Psorisis Treatment

What is Psoriasis?

Psoriasis is a chronic skin condition that causes skin cells to multiply faster than normal. Normally skin cells are replaced every 3-4 weeks, but with psoriasis this process only takes 3-7days. This causes patches on the skin that are flaky, which then look scaly in appearance. Psoriasis affects around 2% of the UK population, and most people begin to experience symptoms before the age of 35.

It is important to note that psoriasis is not contagious. Psoriasis can run in families and therefore there is likely to be a genetic link. Psoriasis is typically diagnosed by a GP after a skin examination. In some cases, you may be referred to a dermatologist.

Main symptoms of psoriasis:

  • Patches of red rough skin with silver-coloured scales. These patches normally appear on your elbows, knees, scalp and lower back, but can appear anywhere on your body
  • Itchy skin that cracks or bleeds
  • Issues with the nails of hands and feet such as discolouration or detachment from the nail bed

Treatment of psoriasis:

Depending on the severity of psoriasis, there are various types of treatment available:

  • Topical treatment: this is when creams or emollients are applied to the skin usually for mild to moderate psoriasis.

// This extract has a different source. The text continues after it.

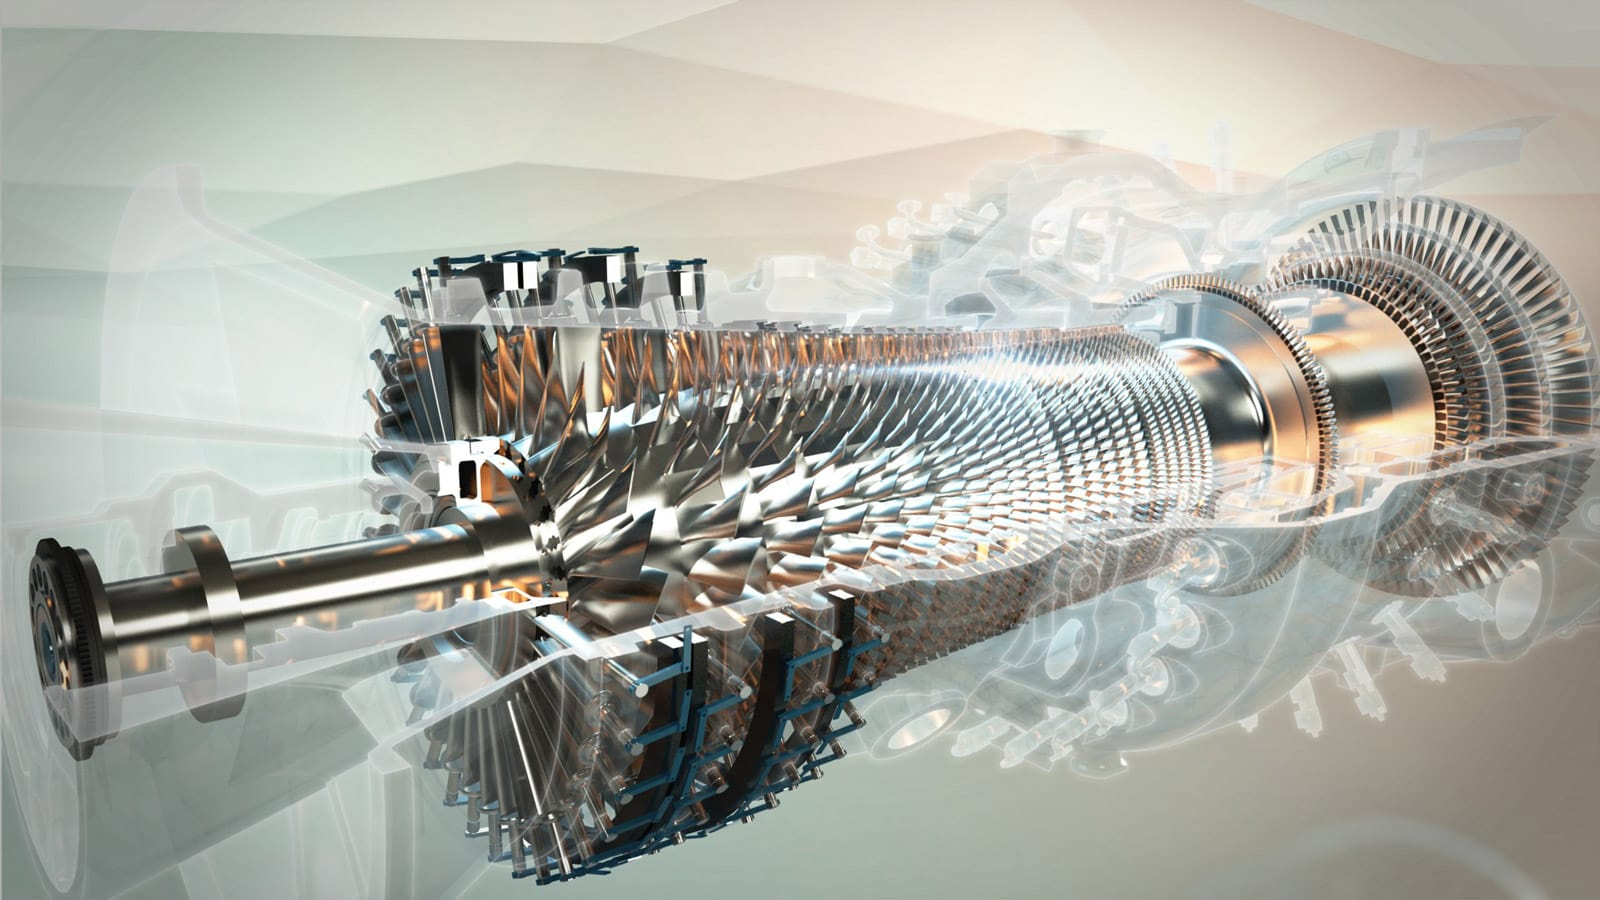 turbina - GE Nuovo Pignone (Нуово Пиньоне) компрессоры, турбины

Medicated ointments and creams may also be used. Some people find that topical treatment is enough to treat their psoriasis. If you have psoriasis on your scalp, then a shampoo can also be used.
  • Phototherapy: The affected areas of your skin are exposed to ultraviolet light. This treatment is provided under the care of a dermatologist in a hospital.
  • Systemic: if you have severe psoriasis, you may be prescribed oral tablets that work throughout the body.

Different treatments are often used in combination but identifying which is most suited to your skin can be difficult. It is important to speak with your GP if you feel that the treatment is not working for you.